* Dataset content:
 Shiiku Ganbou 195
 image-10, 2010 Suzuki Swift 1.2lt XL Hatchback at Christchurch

...

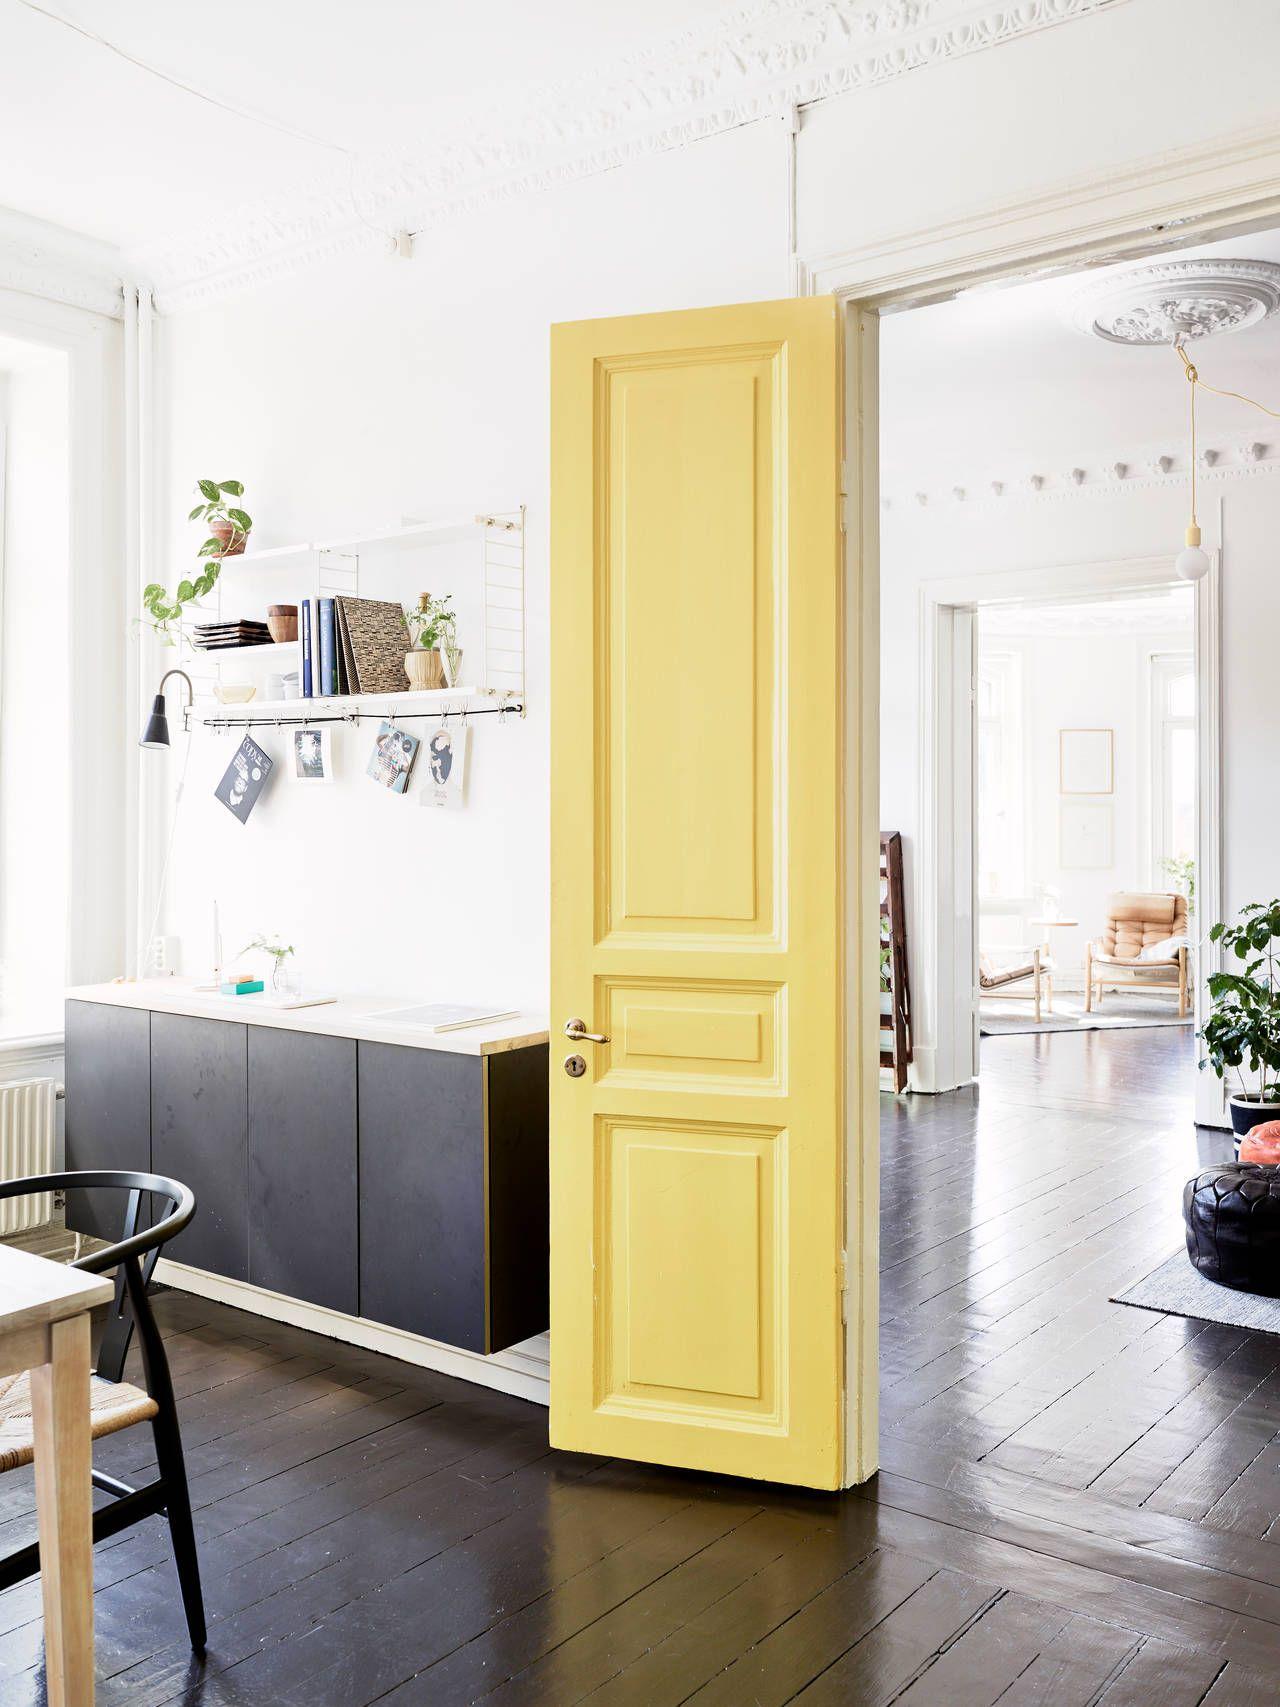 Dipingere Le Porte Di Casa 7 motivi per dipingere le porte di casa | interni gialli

* Task goal:
Output only an exact transcription of the lines above from the one with "Shiiku Ganbou 195" up to and including the one with "image-10, 2010 Suzuki".

* Task solution:
 Shiiku Ganbou 195
 image-10, 2010 Suzuki Swift 1.2lt XL Hatchback at Christchurch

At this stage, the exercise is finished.